• DATA EXTRACT:
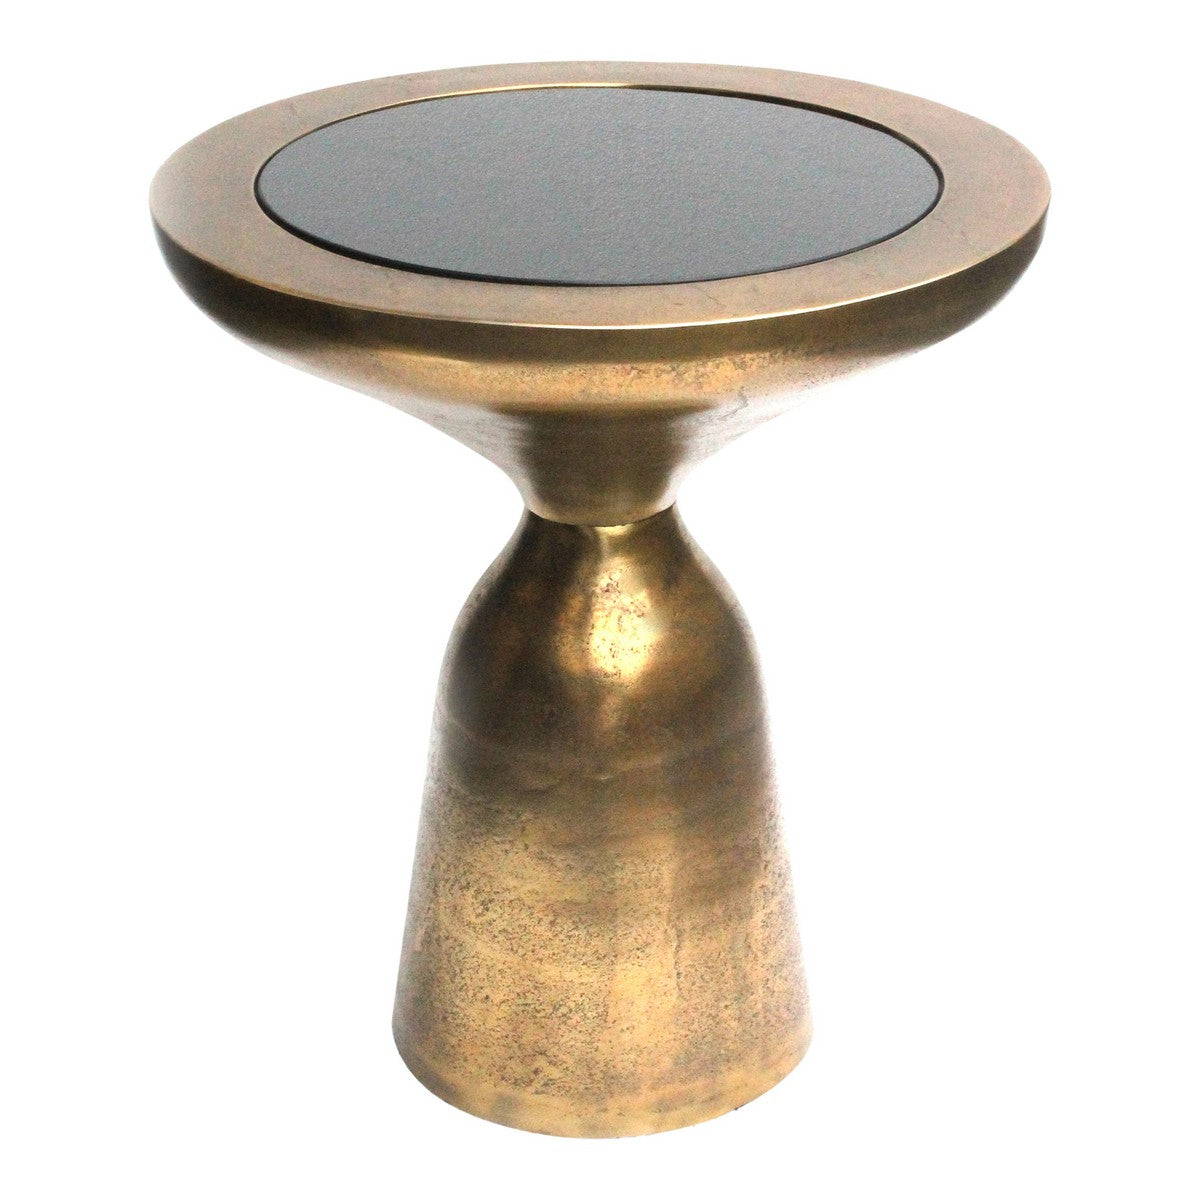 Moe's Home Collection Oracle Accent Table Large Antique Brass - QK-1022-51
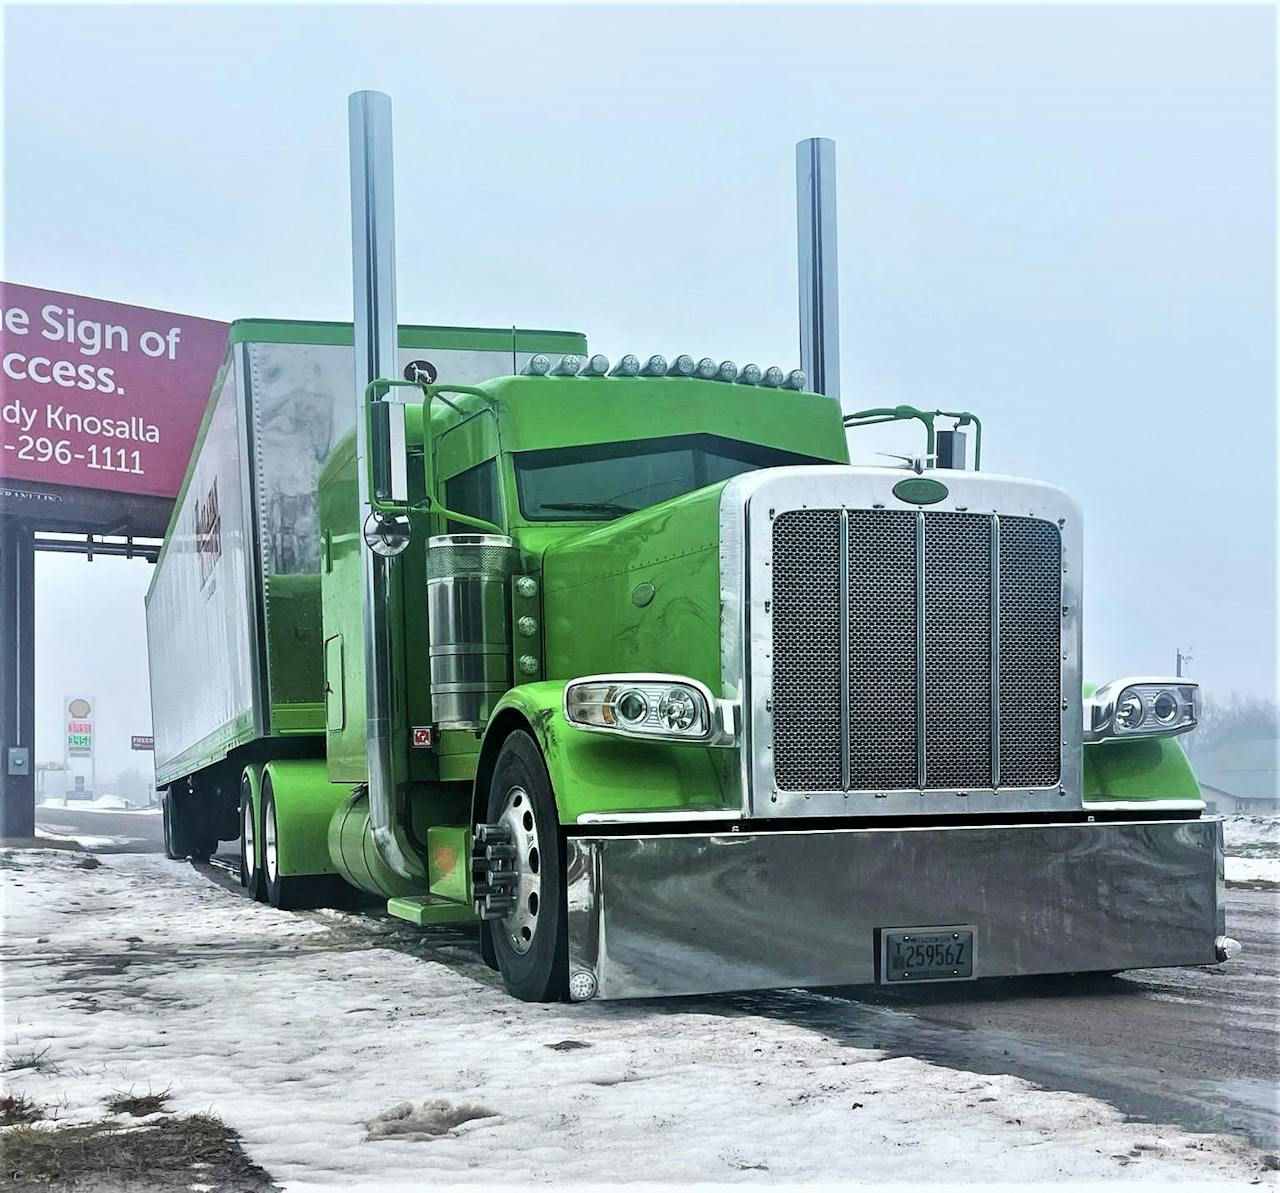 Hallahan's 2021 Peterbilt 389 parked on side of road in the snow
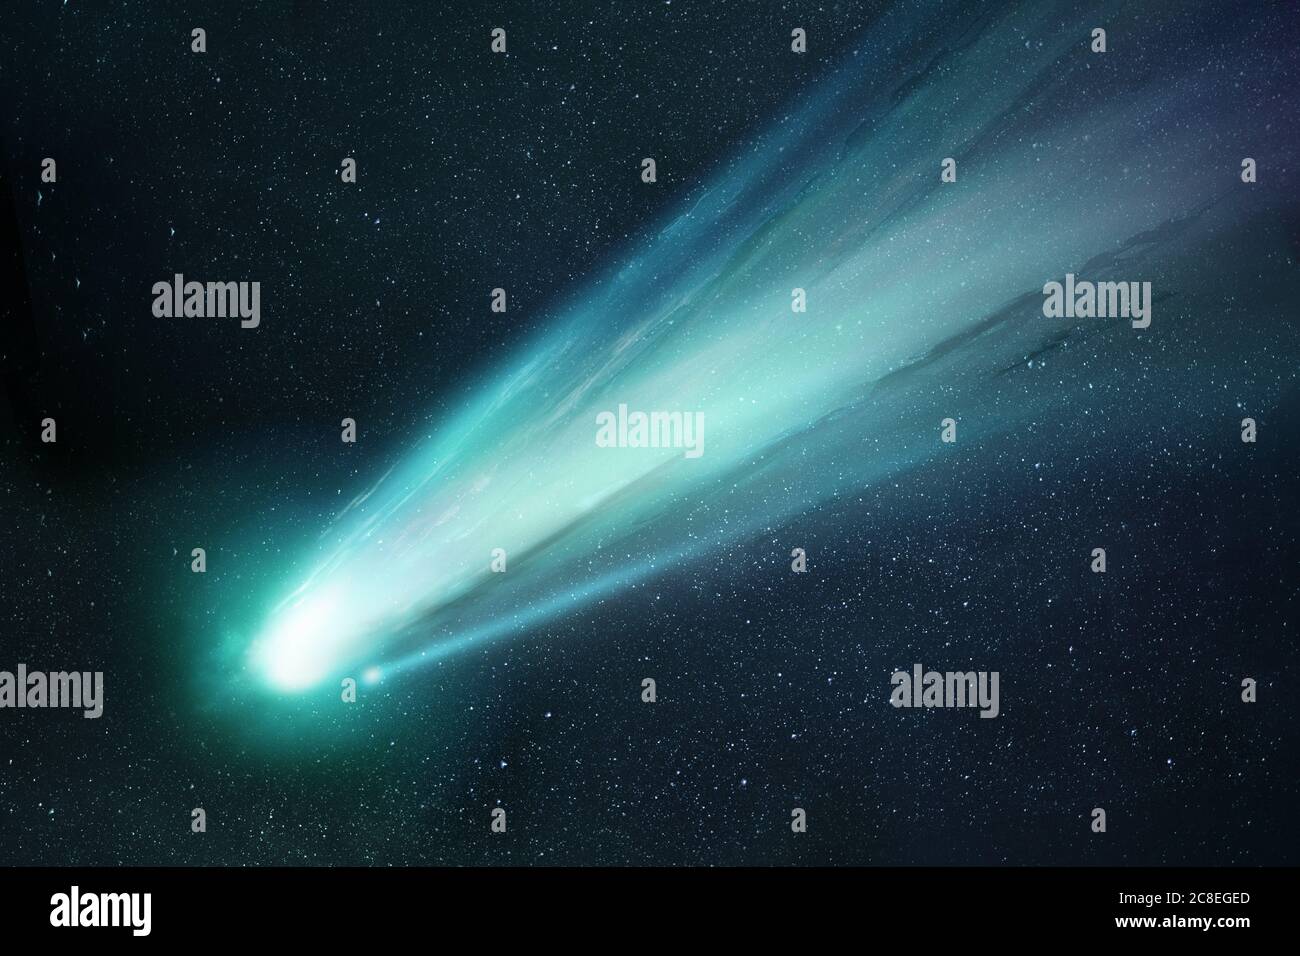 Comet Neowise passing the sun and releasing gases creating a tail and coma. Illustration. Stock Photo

==

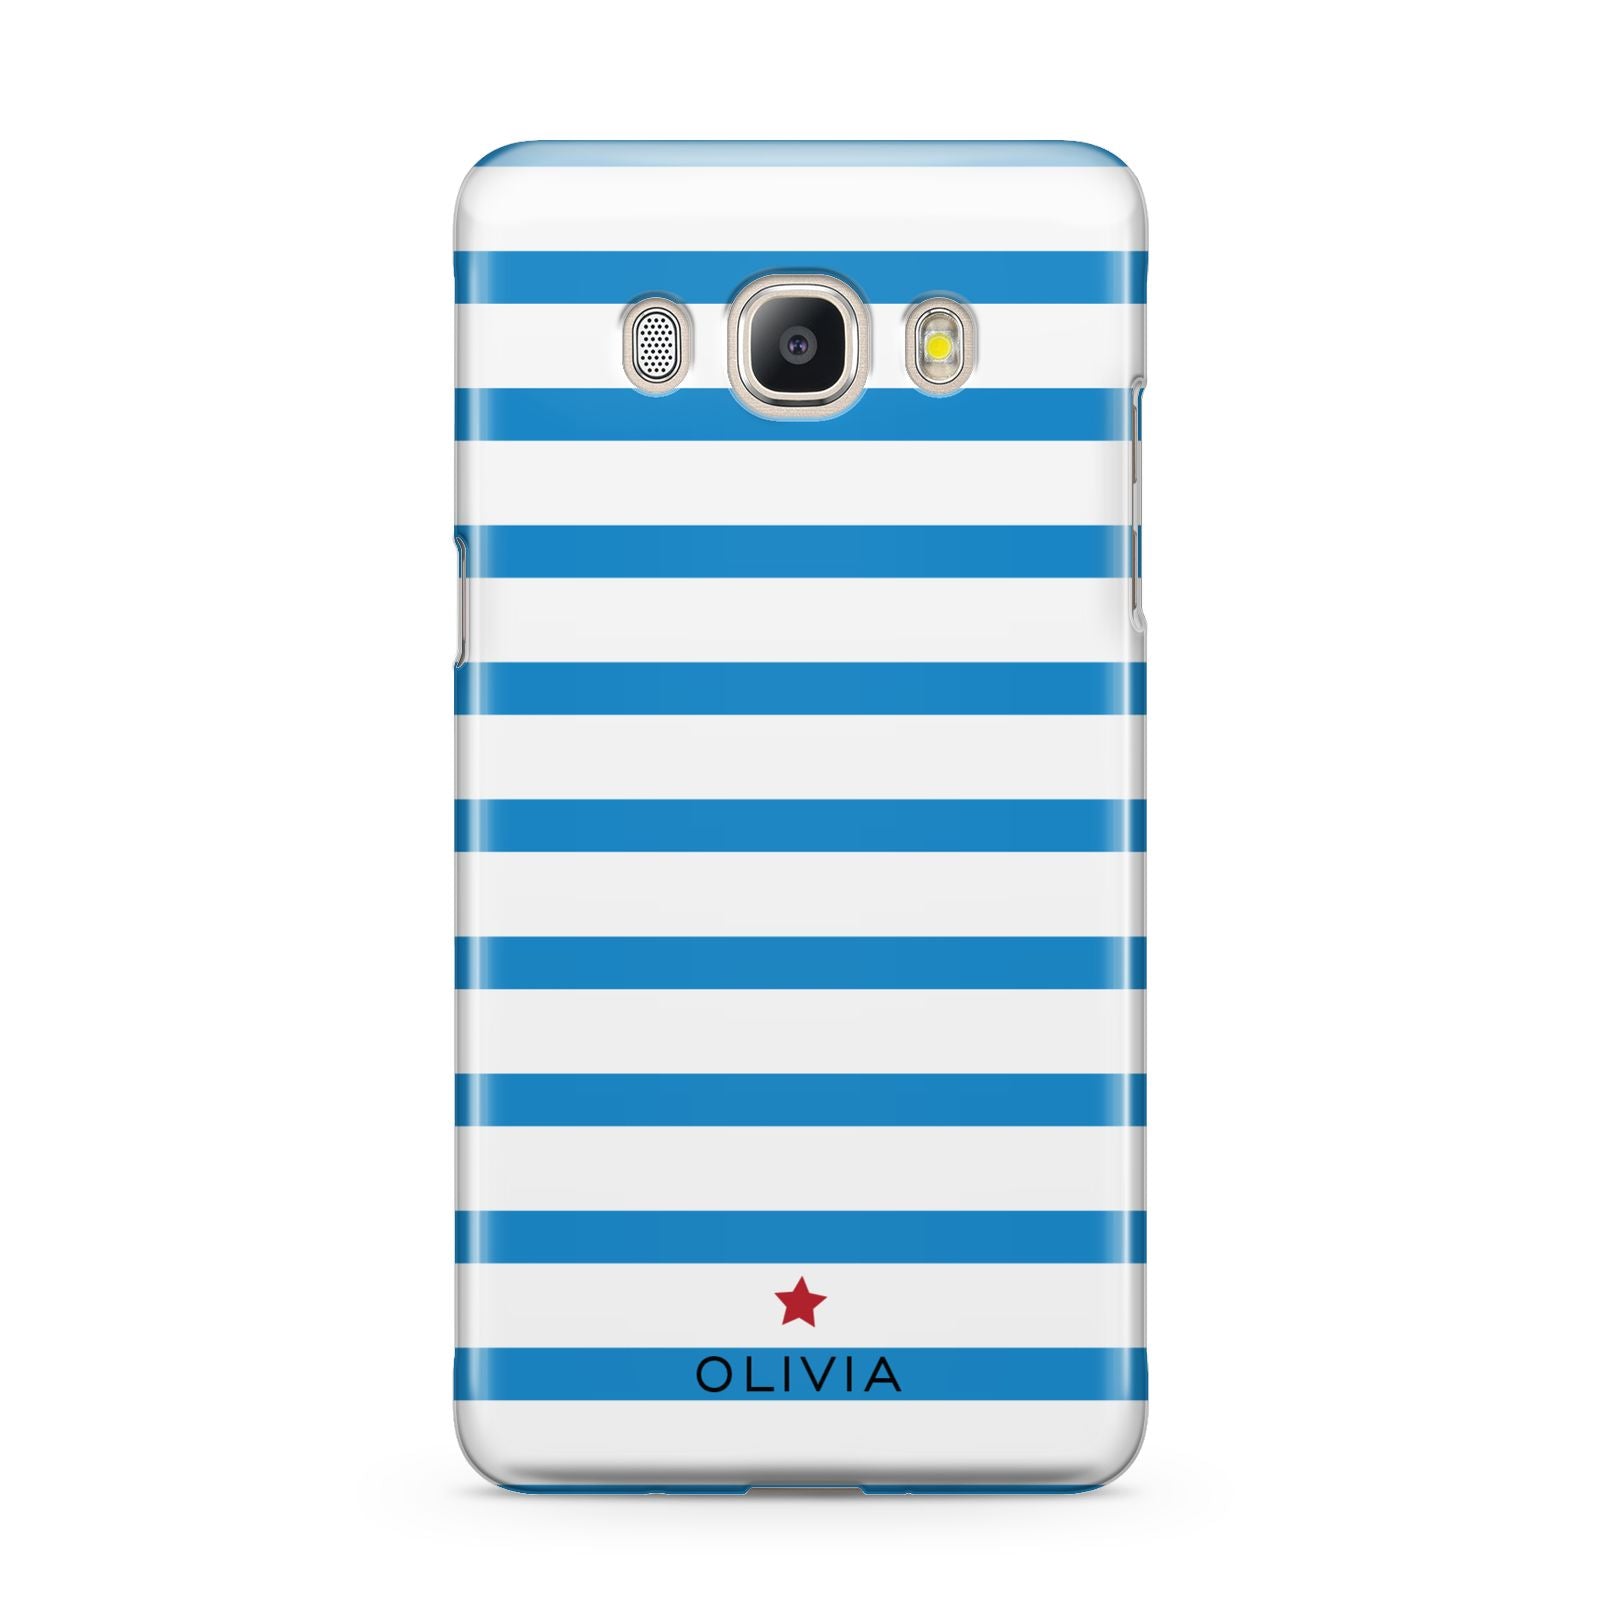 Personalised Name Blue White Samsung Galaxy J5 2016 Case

• EXERCISE OBJECTIVE:
Though the entries above contain pictures, none should be copied; reproduce only the lines between the one holding "Moe's Home Collection" and the one holding "Comet Neowise passing", inclusive, exactly as written.

• RESPONSE TO THIS TASK:
 Moe's Home Collection Oracle Accent Table Large Antique Brass - QK-1022-51
 Hallahan's 2021 Peterbilt 389 parked on side of road in the snow
 Comet Neowise passing the sun and releasing gases creating a tail and coma. Illustration. Stock Photo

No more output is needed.